The Ghana International Trade and Finance Conference (gitfic) has called for debt cancellation for Ghana to give the country some financial relief.
According to the gitfic, the growing public debt could dampen the growth of the country.
Gitfic made the call during a discussion on its two latest research publications in Accra yesterday, and said Ghana had reached its maximum threshold of public debt, which was above 90-92 per cent of Gross Domestic Product.
The two research papers titled “Global Debt to Gross Domestic Product Post COVID-19 (Sub-Saharan Africa) and “Unravelling the Global Central Bank’s Losses,” examined the debt situation and Central Bank losses across the world.
Making a presentation on the topic “Global Debt Gross Domestic Product Post COVID-19 (Sub-Saharan Africa)”, the Director, Research, Policy and Advocacy of gitfic, Gerald Ekow Woode, said Ghana’s growing public debt could limit spending and hamper the country’s economic growth.
He said the COVID-19 pandemic created serious challenges for Ghana such as disruptions in trade, decline in commodity prices, and reduced tourism.
“The pandemic led to a contraction in economic activities, resulting in increased government spending to address health emergencies and support affected sectors,” he said.
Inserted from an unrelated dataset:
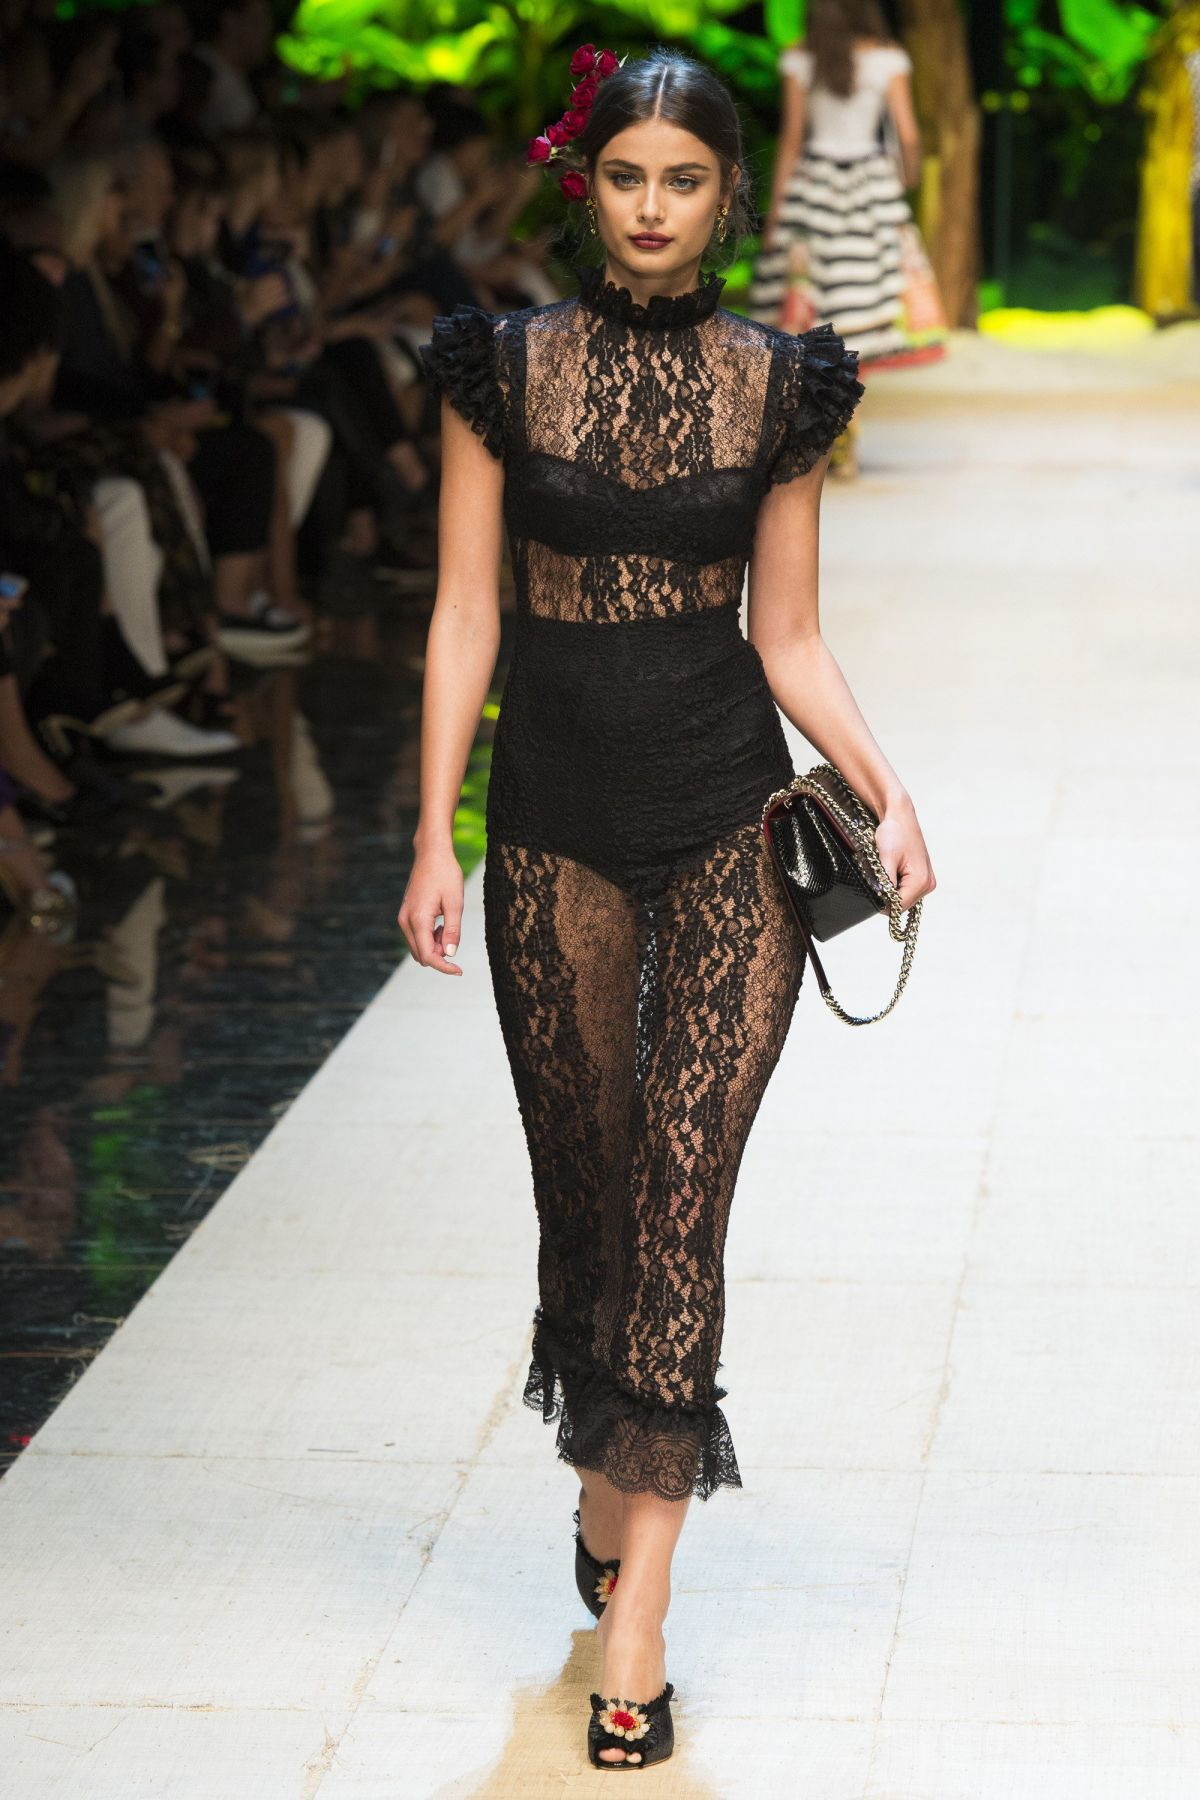 Taylor Hill On The Runway At Dolce Gabbana Fashion Show At Milan Fashion Week 09 25 2016

According to Mr Woode many governments in Sub-Saharan Africa, including Ghana resorted to borrowing both domestic and foreign loans to fund infrastructure, social safety nets, and economic stimulus packages, and exacerbated the debt situation of the country.
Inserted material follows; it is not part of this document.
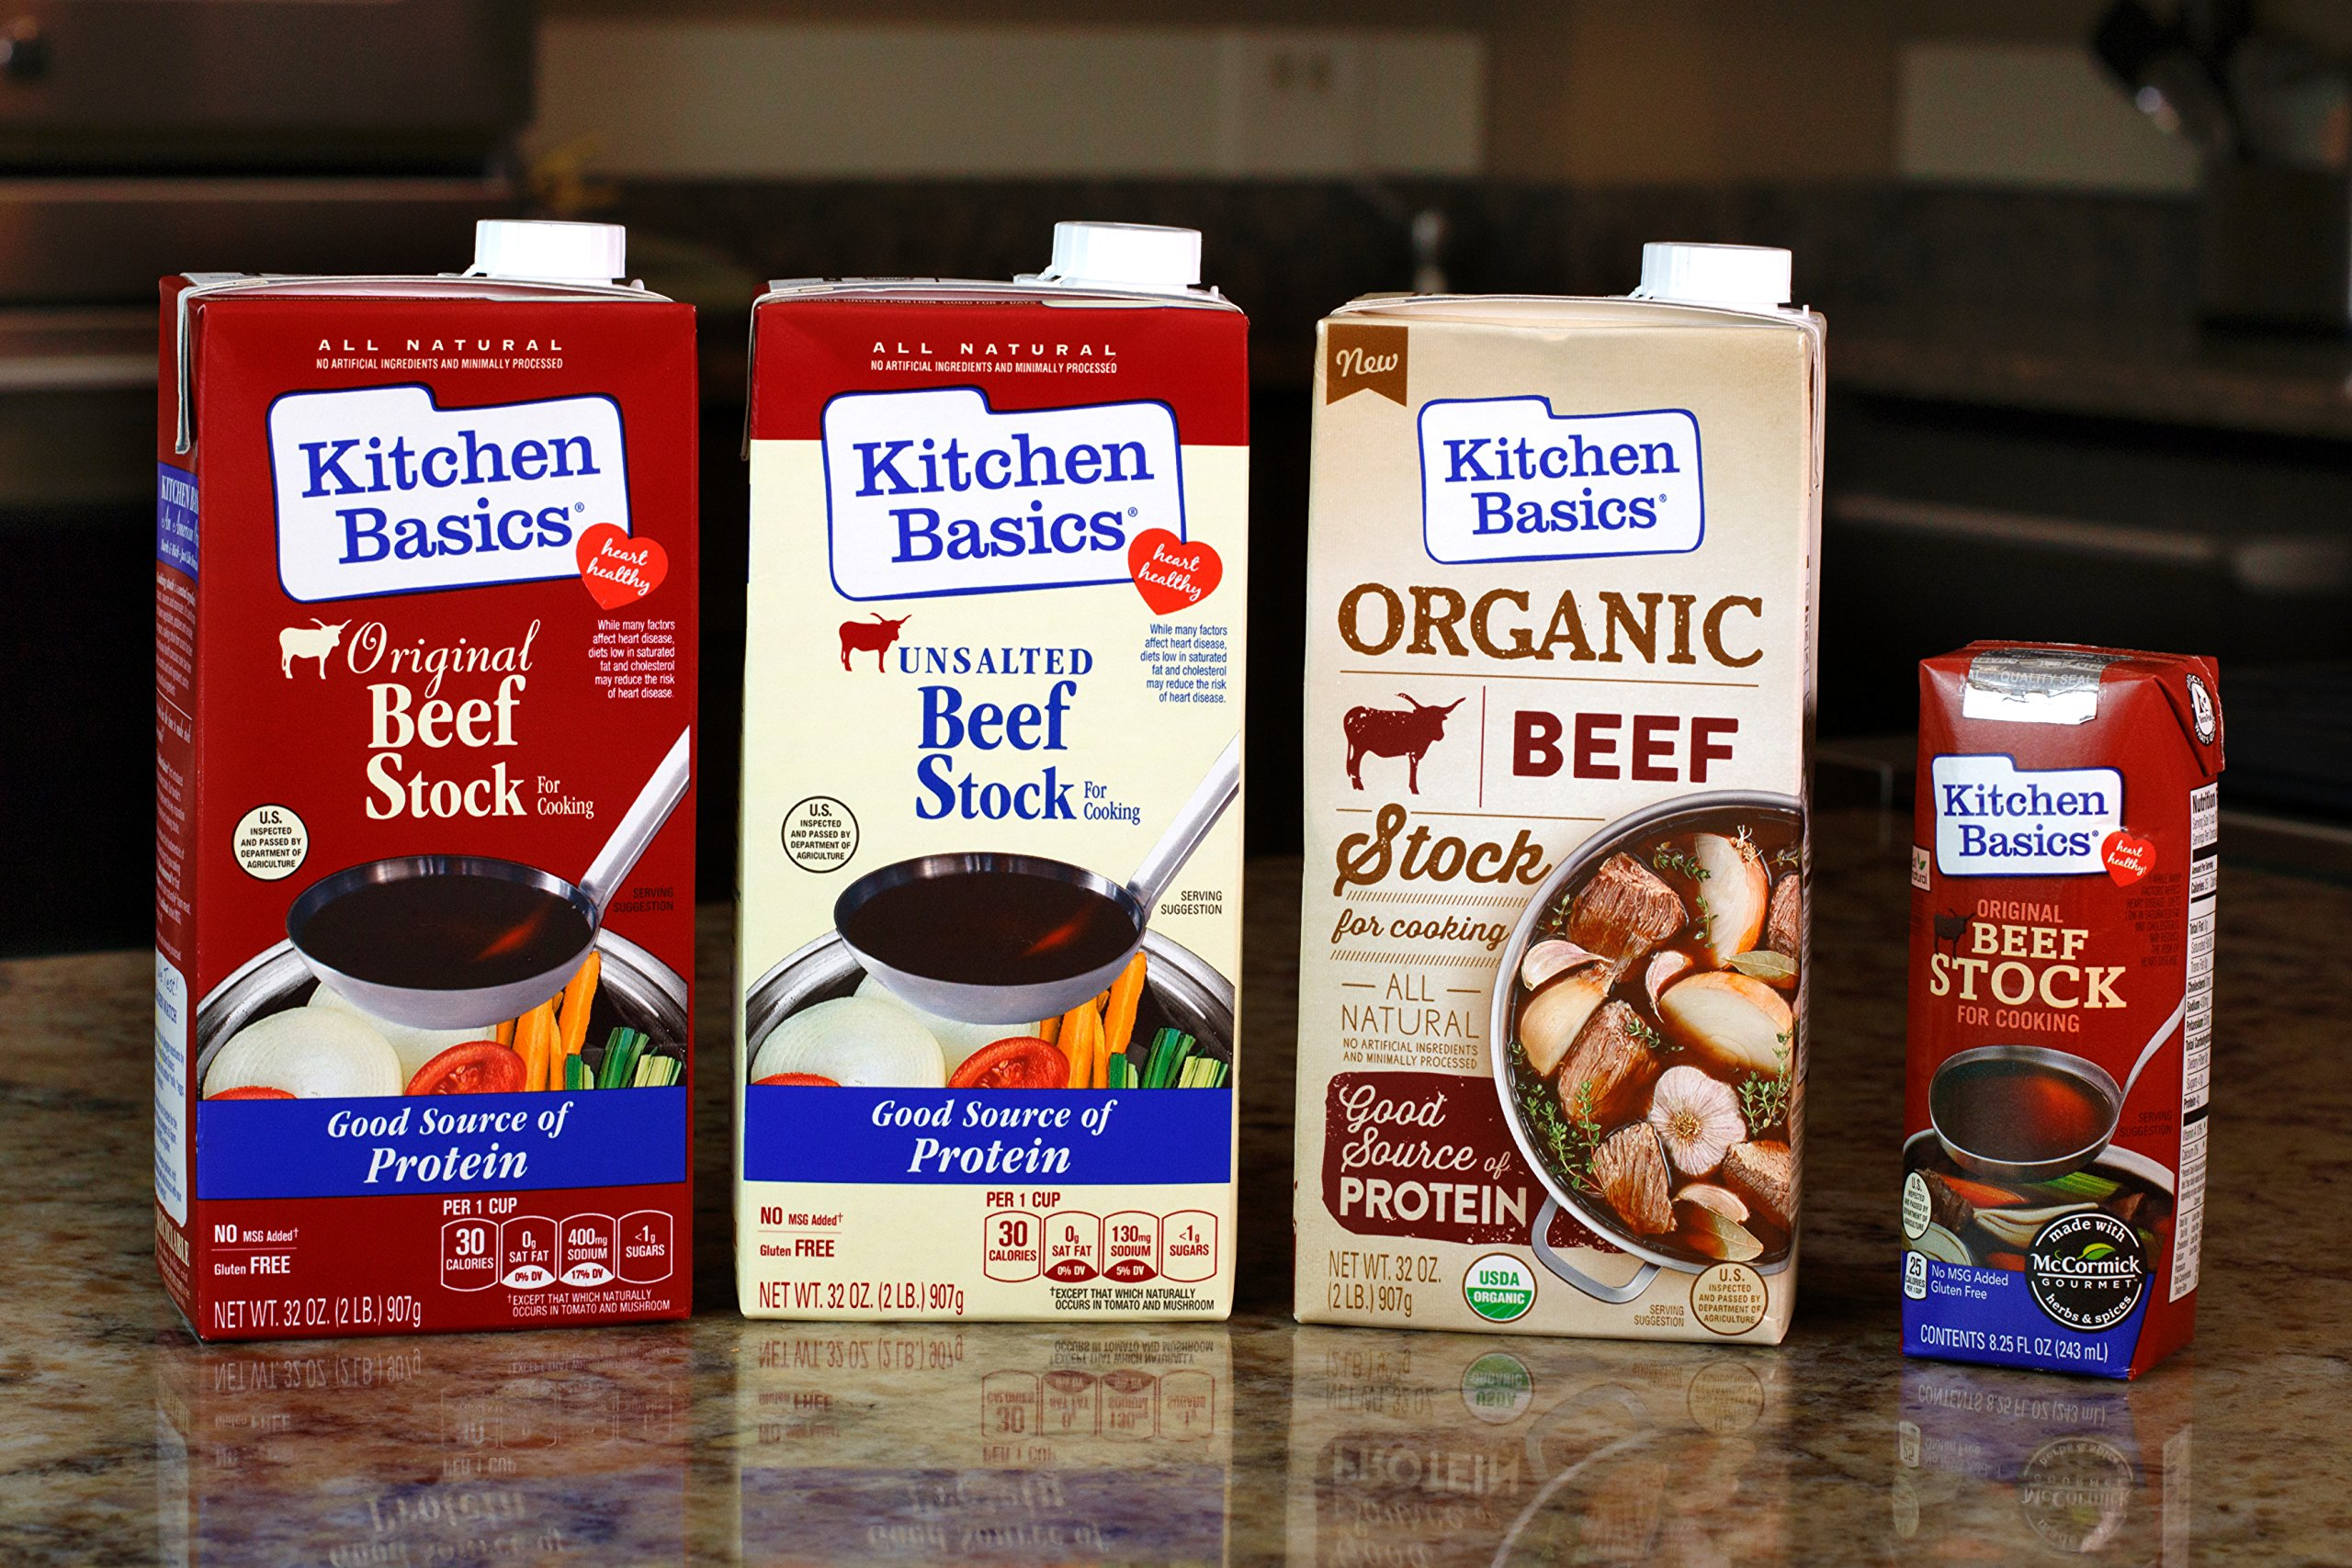 Kitchen Basics All Natural Unsalted Beef Stock, 32 fl oz by Kitchen Basics (Image #11)

Among other recommendations, he said, there was the need for Ghana and Africa to expedite the establishment of “bold new initiatives”, saying African countries in collaboration with their creditors should come up with inventive solutions that went beyond temporary suspensions.
“African countries should redefine what constitutes debt sustainability. The COVID-19 crisis has revealed the limitations of existing criteria for prudent debt practices and sustainable development,” Mr Woode stated.
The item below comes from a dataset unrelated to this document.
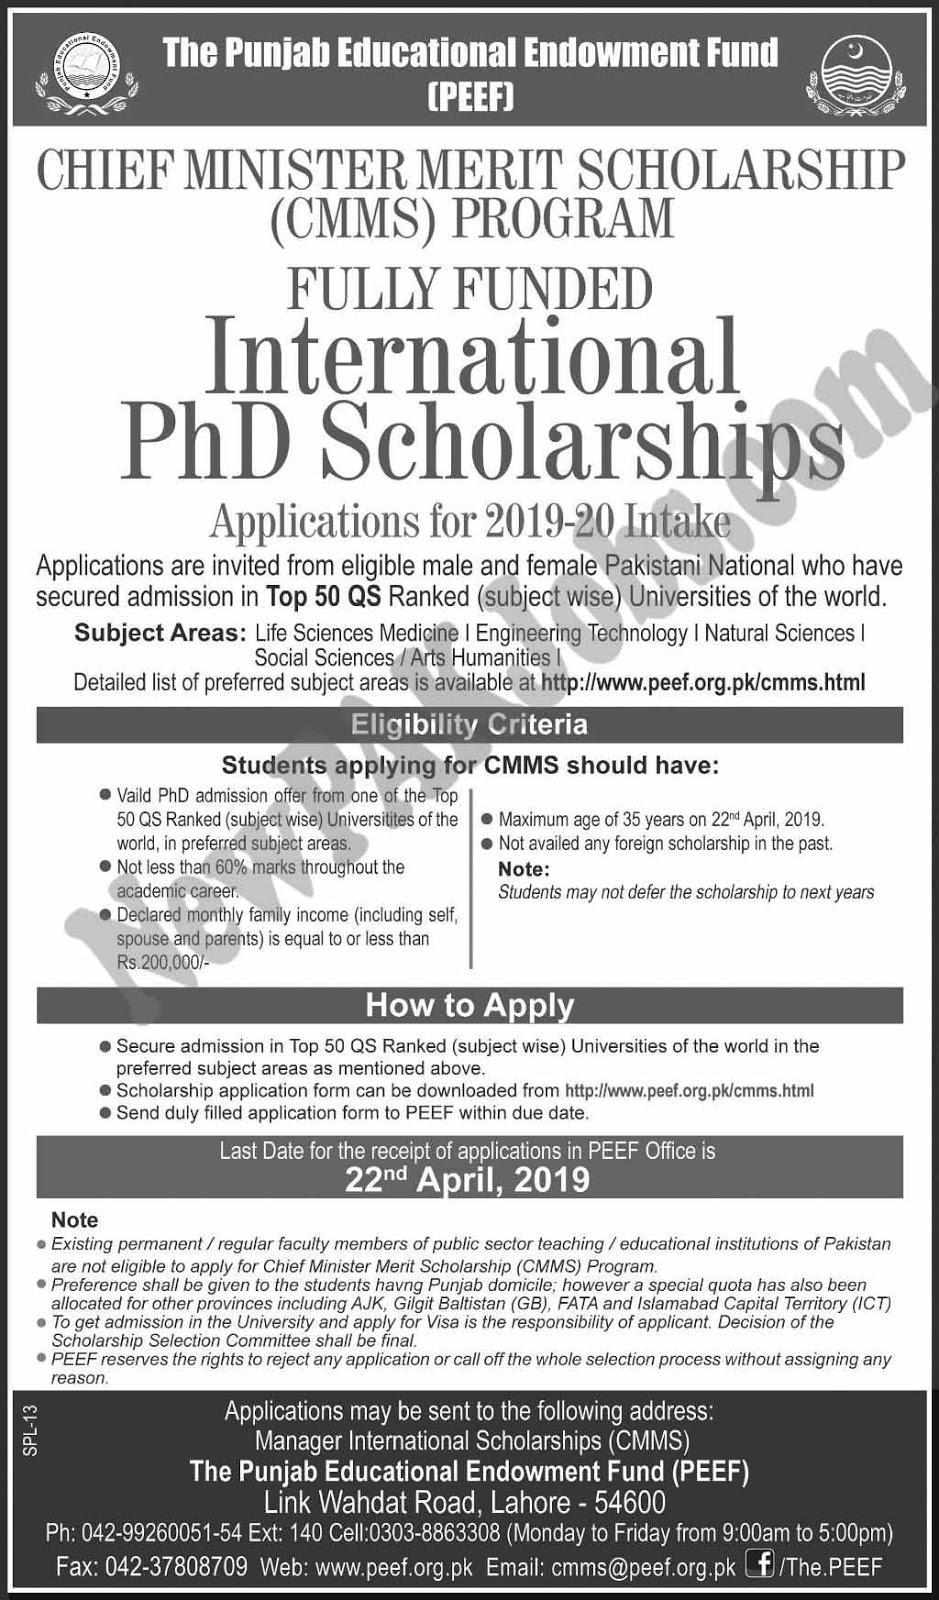 PEEF Scholarship Chief Minister Merit Scholarship CMMS 2019

He said there was the need to reform the international debt architecture in line with the current global debt dynamics.
The Chief Executive Officer of gitfic, Selasi Koffi Ackom, said it was in the interest of the country’s commercial and bilateral partners to forgive Ghana its debt to promote the growth of the country.
He said gitfic would do a lot of advocacy next year on the Global Debt Initiative to mobilise the global community and international organisations for debt relief for Africa and Ghana.
Mr Ackom said current economic challenges was not peculiar to Ghana and the government and the Bank of Ghana could not be blamed for the current economic challenges.
In a presentation on the research paper “Unravelling the Global Central Banks’ Losses,” he said the Bank of Ghana (bog) could not be blamed for incurring loss in 2022.
He said the bog did what other Central Banks in the US, UK, Switzerland did to save their economies from collapse.
The Governor of the bog, Dr Ernest Addison, in remarks made on his behalf by the Director of Research, Dr Philip Abradu-Otoo, said the bog last year pumped GH¢39.7 billion into the economy to prevent it from collapse.
He said the amount was used to support the government to meet its local matured debts.
Dr Addison said the bog took the biggest hit in the Domestic Debt Exchange Programme as to help the government to meet the requirements of the International Monetary Fund programme.
That, he said, led to the GH¢60.8 billion loss the bog incurred last year.
Dr Addison commended the gitfic for conducting the two studies, saying they were timely.